** Opening Data excerpt block **

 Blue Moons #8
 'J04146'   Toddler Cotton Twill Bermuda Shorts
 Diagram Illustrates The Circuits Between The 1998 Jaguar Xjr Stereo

** Closing Data excerpt block **

Task brief
The listing above must be transcribed exactly, line by line.

Response to the task
 Blue Moons #8
 'J04146'   Toddler Cotton Twill Bermuda Shorts
 Diagram Illustrates The Circuits Between The 1998 Jaguar Xjr Stereo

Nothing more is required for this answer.